11. International Data Transfers

Your encrypted vault data may be stored on servers located outside your country of residence. Where we transfer data internationally, we ensure appropriate safeguards are in place, including:

Standard Contractual Clauses (SCCs) approved by the European Commission
Encryption of all data at rest and in transit
The zero-knowledge vault encryption ensures transferred vault data cannot be read by anyone — including us

12. Third-Party Services

We use the following third-party services:

Service	Purpose	Data Shared
Hosting provider	Server infrastructure	Encrypted vault blobs, account data
Payment processor	Pro plan billing	Payment information (never vault data)
Email service	Transactional emails (account verification, emergency access notifications)	Email address
Kit.com (ConvertKit)	Marketing email collection (landing page signup forms)	Email address, signup source
Anthropic (Claude AI)	AI-enhanced vault analysis (optional)	Anonymized vault metadata; raw text for Phishing Detector (see AI Analysis section)

All third-party providers are bound by data processing agreements and are prohibited from using your data for any purpose other than providing their service to us.

AI Analysis Services

When you use WARDKEY's AI-enhanced features, data is sent to our servers and processed using Anthropic's Claude AI. You can use WARDKEY without ever activating AI features — they are entirely optional.

Password Analyzer & Security Report: Anonymized vault metadata (password strength scores, character class distributions, item counts, reuse counts, age metrics) is sent.
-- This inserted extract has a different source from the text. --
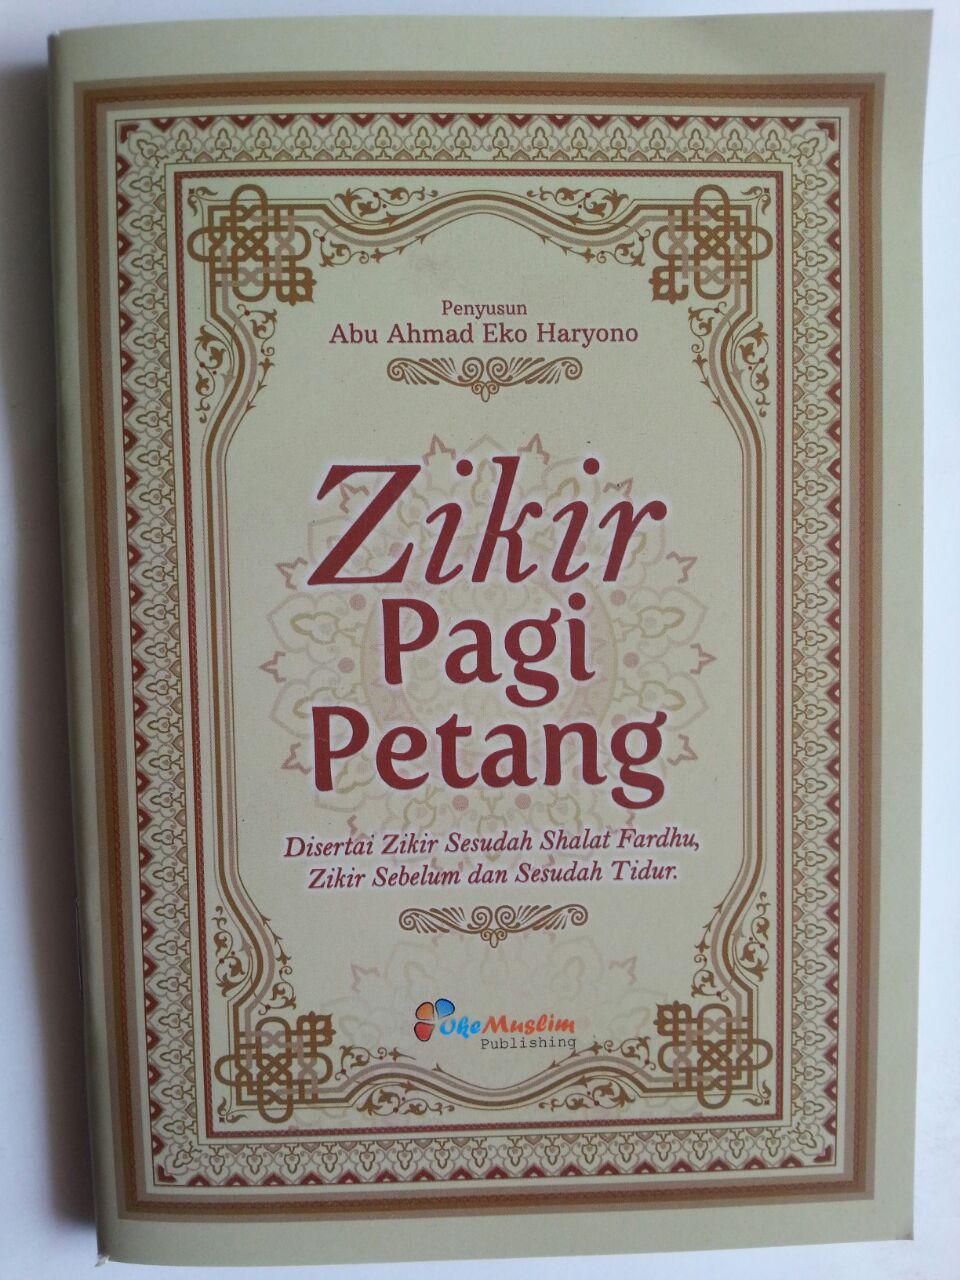 Buku Saku Zikir Pagi Petang Zikir Sesudah Shalat Fardhu Zikir Tidur cover 2

Your actual passwords are never sent.
Phishing Detector: The text or URL you paste into the analyzer is sent to our servers for AI analysis. Do not paste content containing passwords or sensitive credentials. Only paste suspicious emails, messages, or URLs you want checked for phishing indicators.

Data Sent to AI	Data Never Sent
Password length, character class distribution, strength score	Actual passwords, usernames, URLs
Number of vault items per category	Vault item names or contents
Reuse counts, age metrics	Any personally identifiable information

13. Changes to This Policy

We may update this Privacy Policy from time to time. We will notify you of material changes by:

Posting the updated policy on this page with a new "Last updated" date
Sending an email notification for significant changes
Displaying a notice in the application

Your continued use of the Service after changes take effect constitutes acceptance of the updated policy. For material changes that affect how we process your data based on consent, we will seek your explicit agreement before the changes take effect.

14. Contact Us

If you have questions about this Privacy Policy or wish to exercise your rights:

Email: wardkey047@gmail.com
Address: 444 Alaska Avenue, Suite #AHA780, Torrance, CA 90503, USA

For GDPR-related inquiries, you may also contact your local data protection authority.